In Gabe’s theoretical case part of his claim would be for future earnings he would have made in the NFL.  He would need a few experts to establish his claim.  First, he would need an expert that could comment on his likelihood (51%) that he would make it into the NFL, and then what his future playing capacity would be.  The person who would could testify to this would probably be a long time agent, coach, etc.  Then, with that information, you probably need an economic expert to comment on the amount of wages Gabe would have made in the future and then discount it to reflect the present value.  Not exactly a simple process.  And of course, the defendant in this hypothetical (i.e. WSU) would hire its own experts to say the opposite of everything Gabe’s expert would testify to.  Ultimately, the final decision on what to award Gabe would be made by the judge or jury if the parties couldn’t settle the claim before trial.  And a case like this could go on for a few years before it went to a trial. 

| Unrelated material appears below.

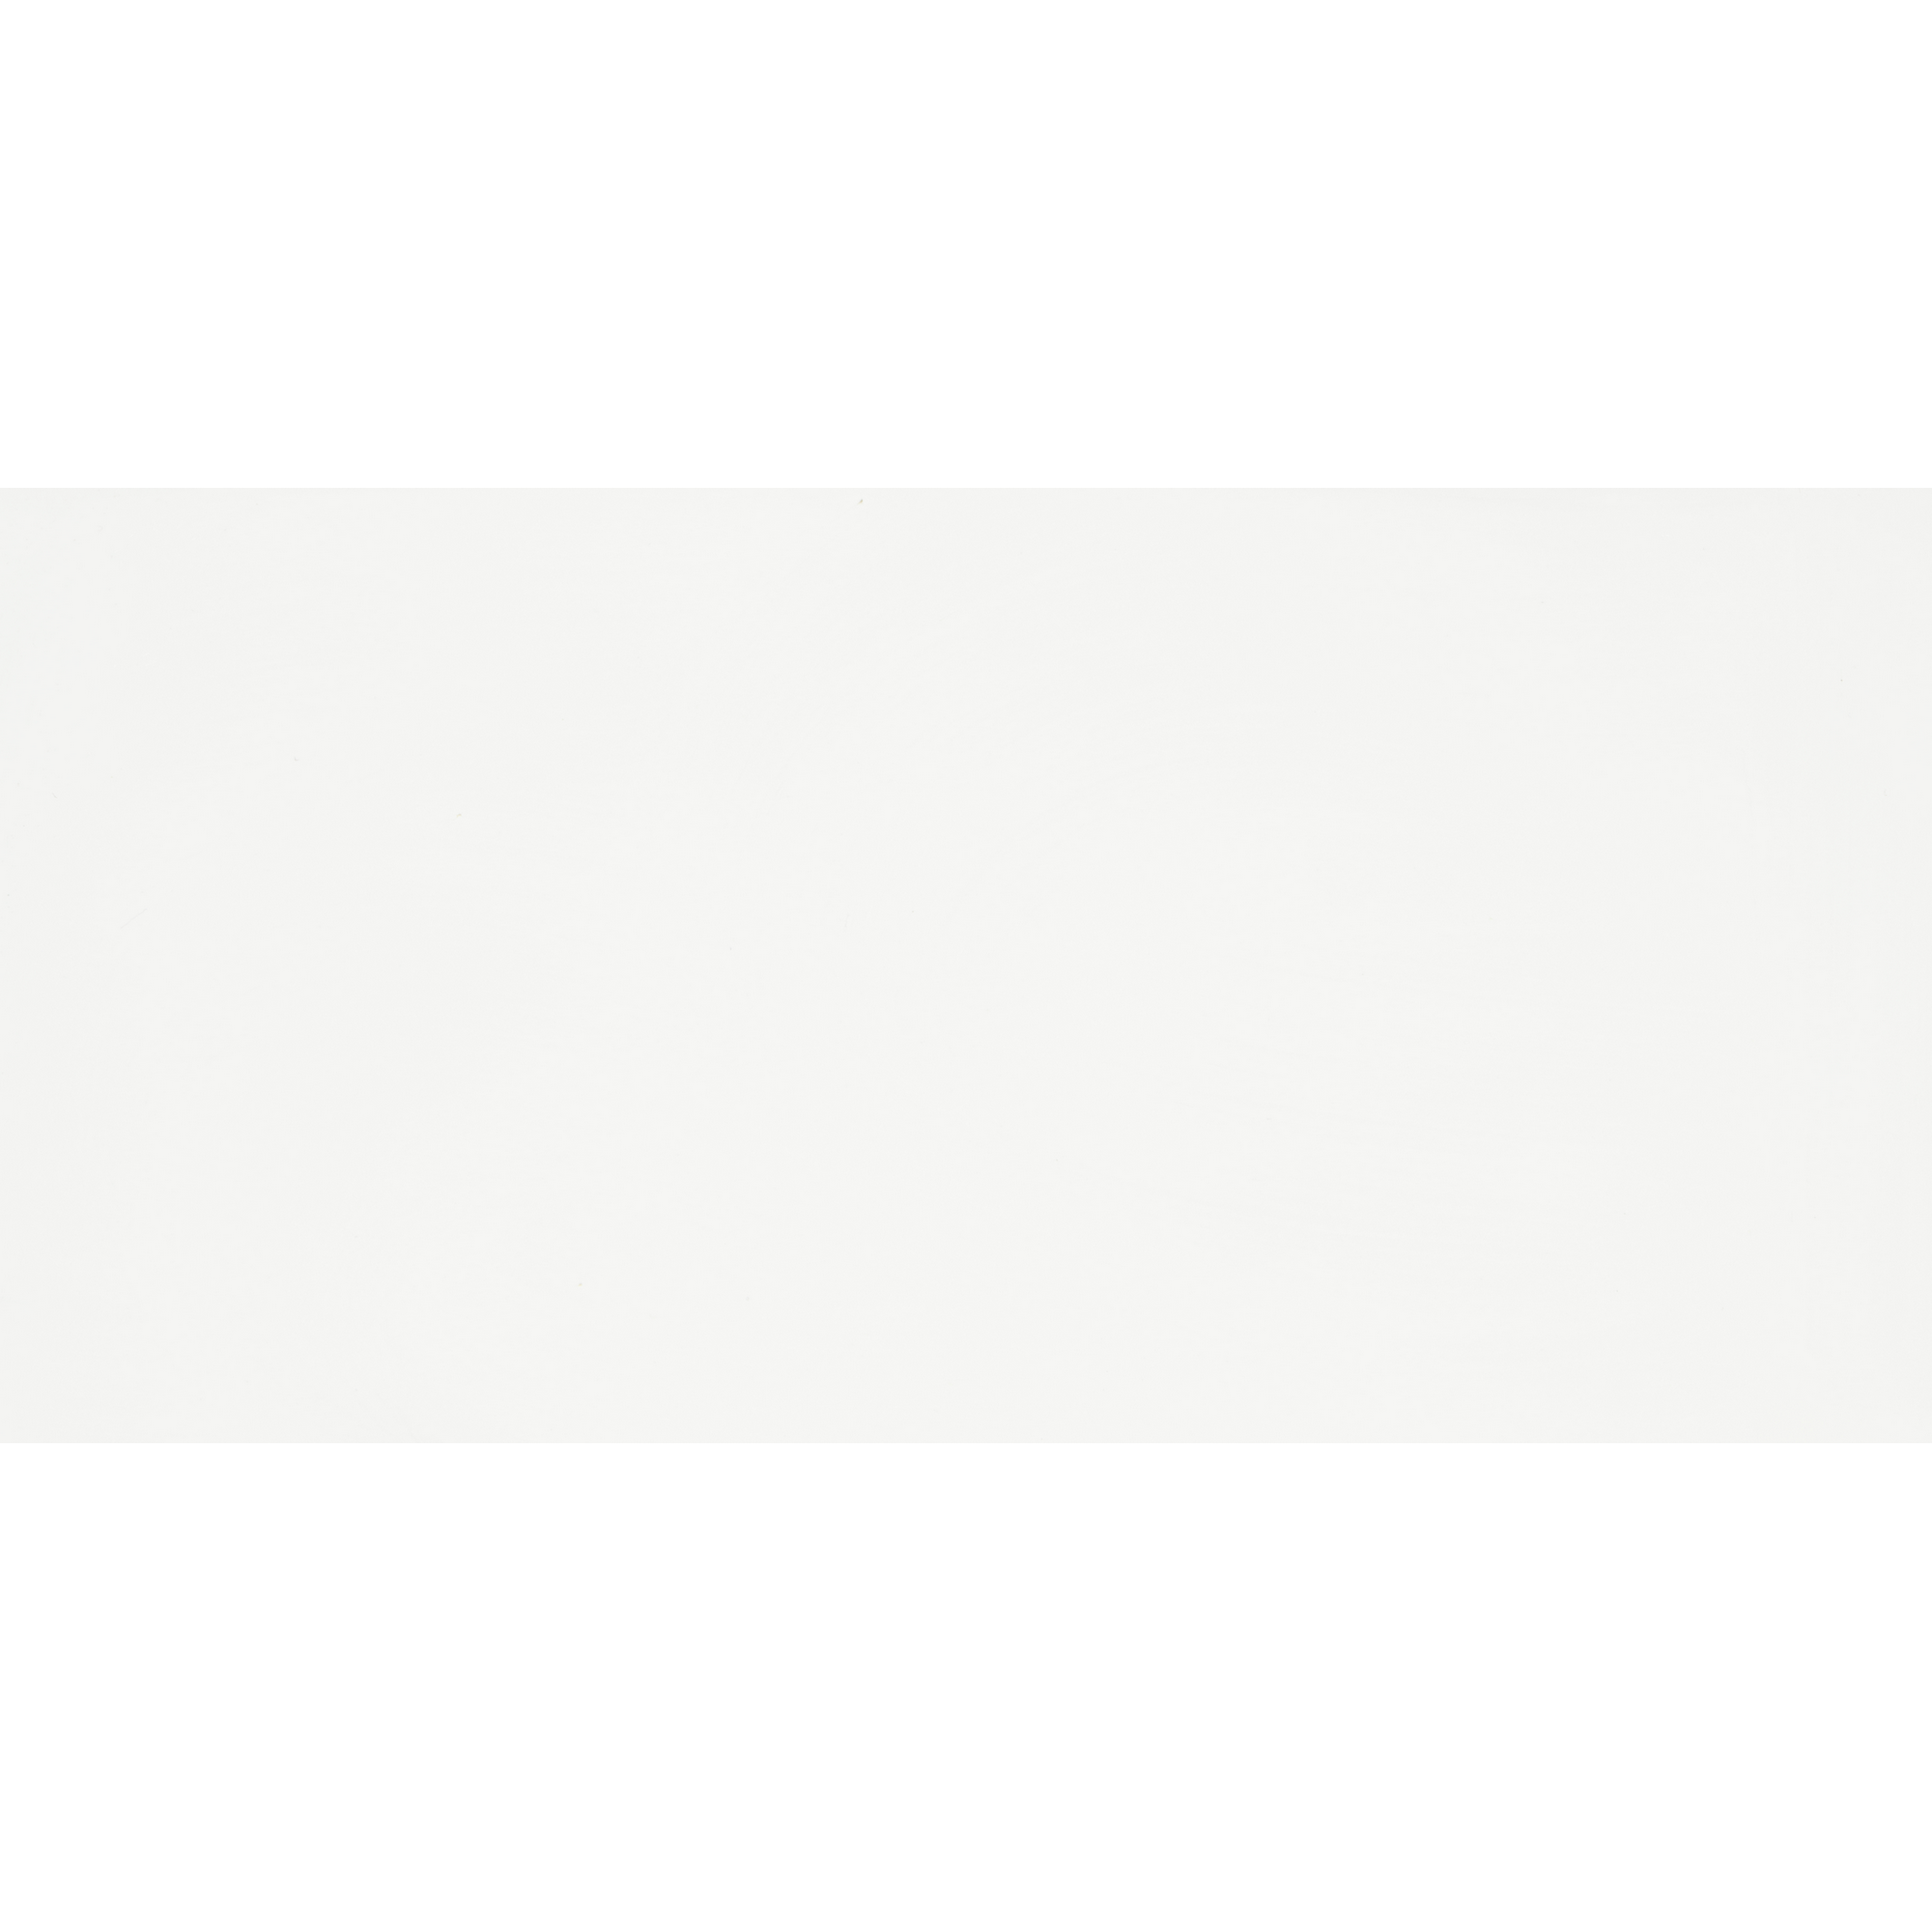 Wandfliese 'Appeal' Steingut weiß matt/glänzend 30 x 60 cm + product picture

Fortunately, for everyone (the fans, WSU, Gabe Marks and his family) Gabe Marks wasn’t severely injured at practice on August 8th.   Turns out a few days later he was back on the field.  (And I of course, as well all other WSU fans, were breathing a heavy sigh of relief).  However, if he was injured, you can see how much liability WSU could be facing.  Because of this liability and desire to protect their students, I’m quite sure WSU takes all necessary steps to make sure any field on which a player plays is safe and free of foreseeable dangerous conditions.  By doing this, schools protect its students-athletes from the “danger lurking down below.”